Today, Bitcoin is worth over a trillion dollars, but are we achieving Satoshi Nakamoto’s dreams?
Following the 10th anniversary marking Bitcoin’s anonymous founder’s departure, Nick Saponaro, the co-founder and CIO of Divi, questioned the progression of the industry with a comment worth pondering over.
He approaches the topic of Bitcoin’s acceleration in the same critical manner that Surowiecki does, as he questioned the industry’s dependence on institutional money, and how that could take Bitcoin away from the path that Satoshi Nakamoto designed it to follow.
“You could argue that institutional investment flooding into the space, the Coinbase IPO, and big tech like PayPal and Venmo taking Crypto seriously is excellent news for an industry that’s been hungry for credibility for so long.” Saponaro asserted. “But they could also present serious risks to the decentralized mission and vision of the crypto movement.” He concludes.
Has Bitcoin lost its original purpose?
The risks that Saponaro associates with Bitcoin’s involvement with institutions go around the idea that the asset is being treated as a speculative one, whereas, its creator intended for it to at least challenge fiat currencies and act as a medium of exchange, not just a store of value.
“The crypto industry is at the forefront of financial tech innovation, but if we continue to perpetuate the investment narrative and only focus on the price going up, we could easily miss the fact that we’ve given away this great gift that’s been given to us.” – Saponaro.
The sentiment widely shared by many Bitcoin proponents is that newbies accumulate Bitcoin in hopes that the price surges and they also enjoy a piece of the pie.

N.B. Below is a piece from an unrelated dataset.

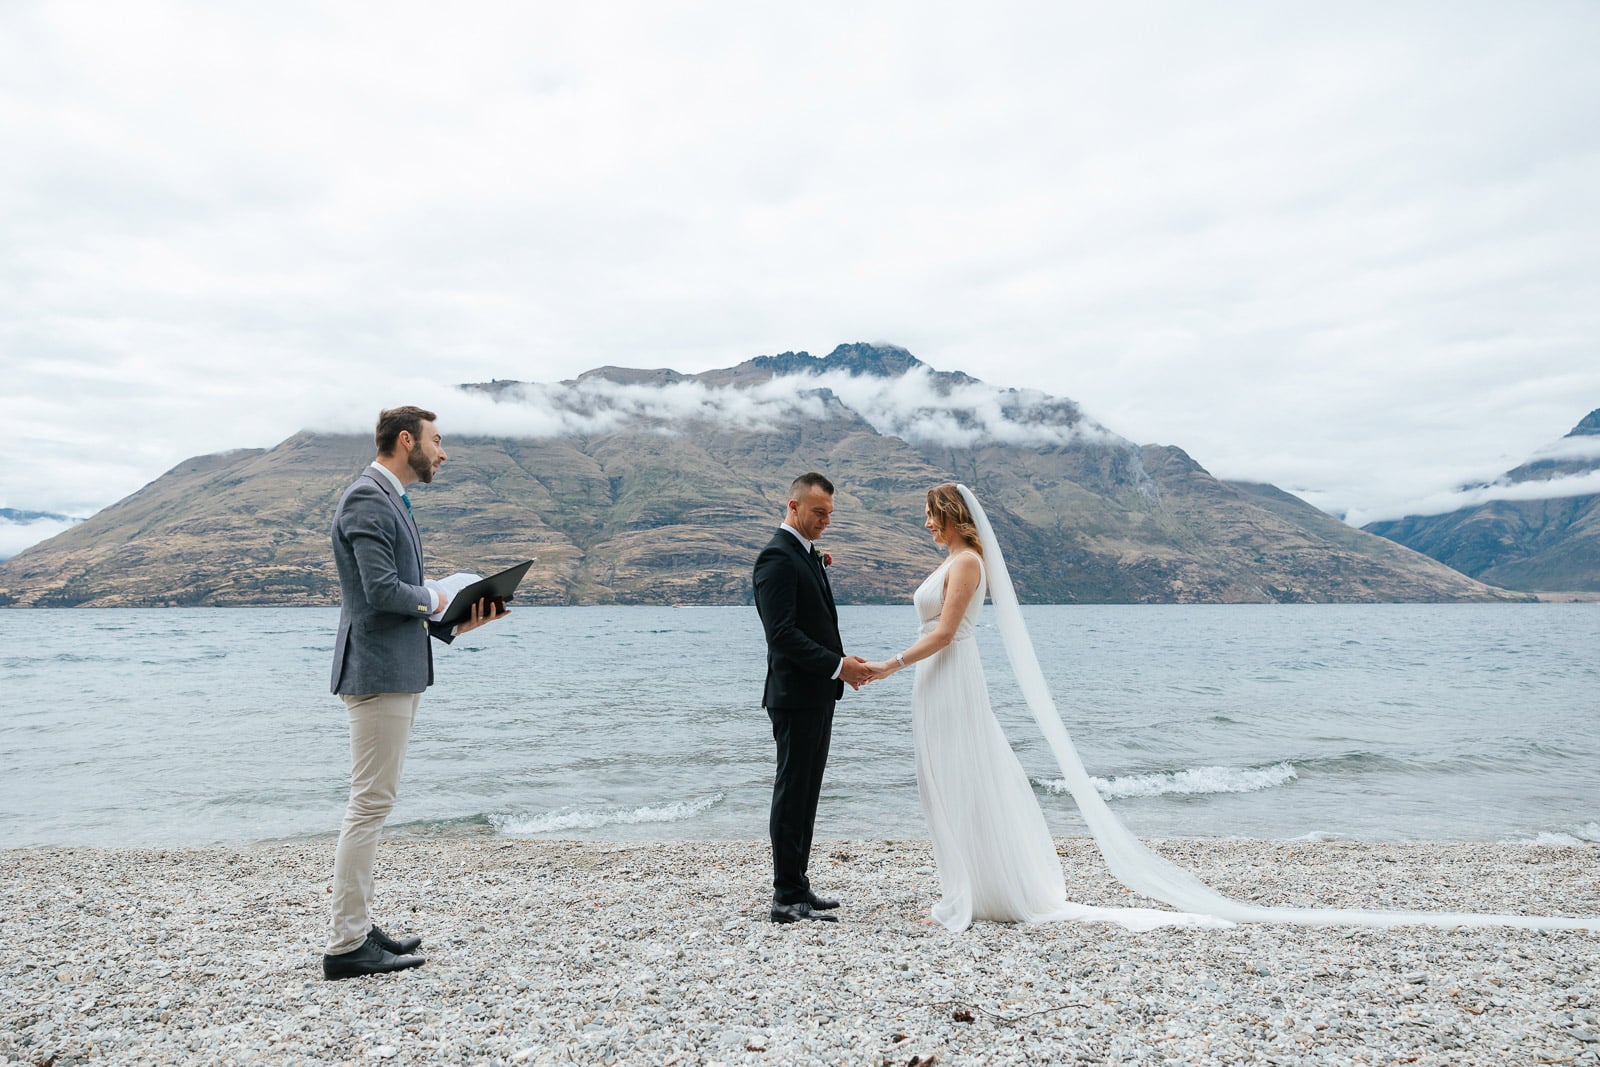 Lake side wedding ceremony in Queenstown , New Zealand

Institutions also hoard Bitcoin and hope to never trade. It becomes easy to then forget what Nakamoto’s initial goal for Bitcoin was. James Surowiecki in his “the bitcoin dream is dead” article, explains why he believes that the institutional wave, coupled with many other similar factors, may have caused Bitcoin to lose its original purpose: “Like gold, Bitcoin is valuable to the extent that people think it’s valuable: You buy it because you think someone else will pay more for it in the future.”